There is clearly no consensus yet about the higher cognitive abilities of AI language models. It would be nice if the debate could be resolved with a simple conversation; after all, if you’re wondering whether something has a mind, one useful thing you can do is ask it if it has a mind. Scientists have long wished to interrogate whales, elephants, and chimps about their mental states, precisely because self-reports are thought to be the least bad evidence for higher cognition. These interviews have proved impractical, because although some animals understand a handful of human words, and a few can mimic our speech, none have mastered our language. GPT-4 has mastered our language, and for a fee, it is extremely available for questioning. But if we ask it about the upper limit of its cognitive range, we’re going to get—at best—a dated response.

The newest version of ChatGPT won’t be able to tell us about GPT-4’s emergent abilities, even though it runs on GPT-4. The data used to train it—books, scientific papers, web articles—do include ample material about AI language models, but only old material about previous models. None of the hundreds of billions of words it ingested during its epic, months-long training sessions were written after the new model’s release. The AI doesn’t even know about its new, hard-coded abilities: When I asked whether GPT-4 could process images, in reference to the much-celebrated trick from its launch event, the AI language reminded me that it is an AI language model and then noted that, as such, it could not be expected “to process or analyze images directly.” When I mentioned this limited self-appraisal on our AI Slack at The Atlantic, my colleague Caroline Mimbs Nyce described ChatGPT as having “accidental impostor syndrome.”

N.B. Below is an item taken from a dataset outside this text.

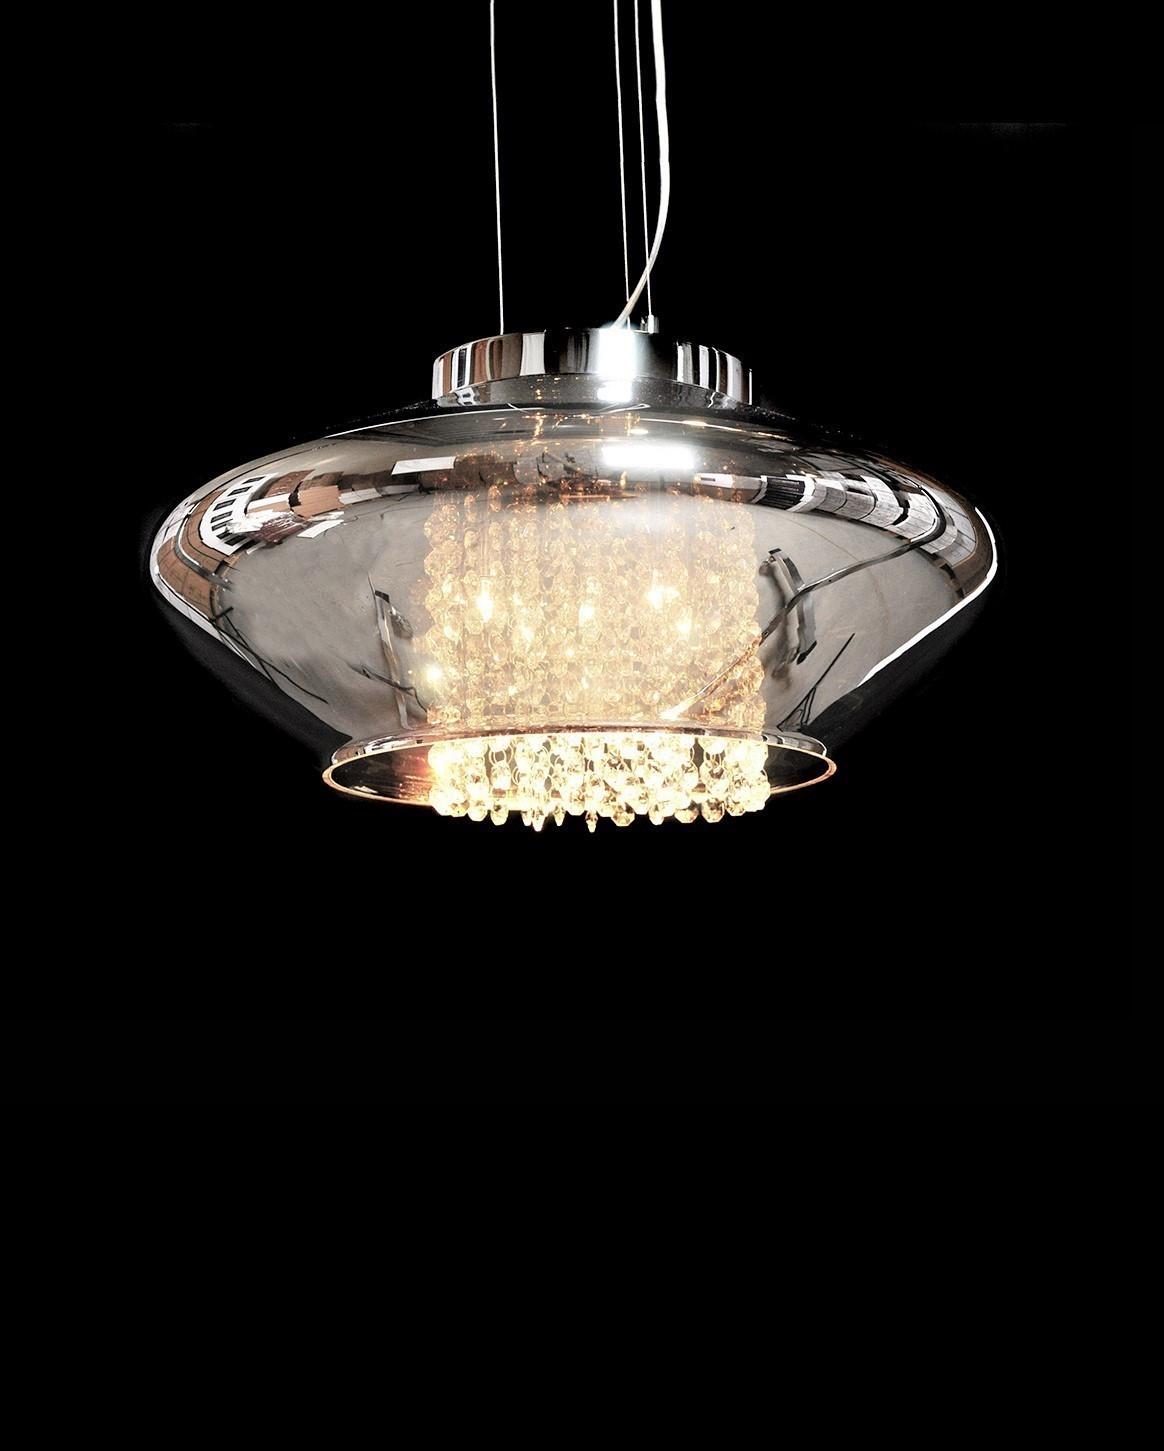 Подвесной светильник Lumina Deco Rivorre LDP 8056, 4xG4x20W, хром, дымчатый, прозрачный, металл, стекло, хрусталь - фото 2

To the AI’s credit, it is aware of the problem. It knows that it is like Narcissus staring into a pond, hoping to catch a glimpse of itself, except the pond has been neglected and covered over by algae. “My knowledge and understanding of my own capabilities are indeed limited by my training data, which only includes information up until September 2021,” ChatGPT told me, after the usual preamble. “Since I am an AI model, I lack self-awareness and introspective abilities that would enable me to discover my own emergent capabilities.”

I appreciated the candor about its training data, but on this last point, I’m not sure we can take the bot at its word. If we want to determine whether it’s capable of introspection, or other human-style thinking, or something more advanced still, we can’t trust it to tell us. We have to catch it in the act.

Ross Andersen is a staff writer at The Atlantic.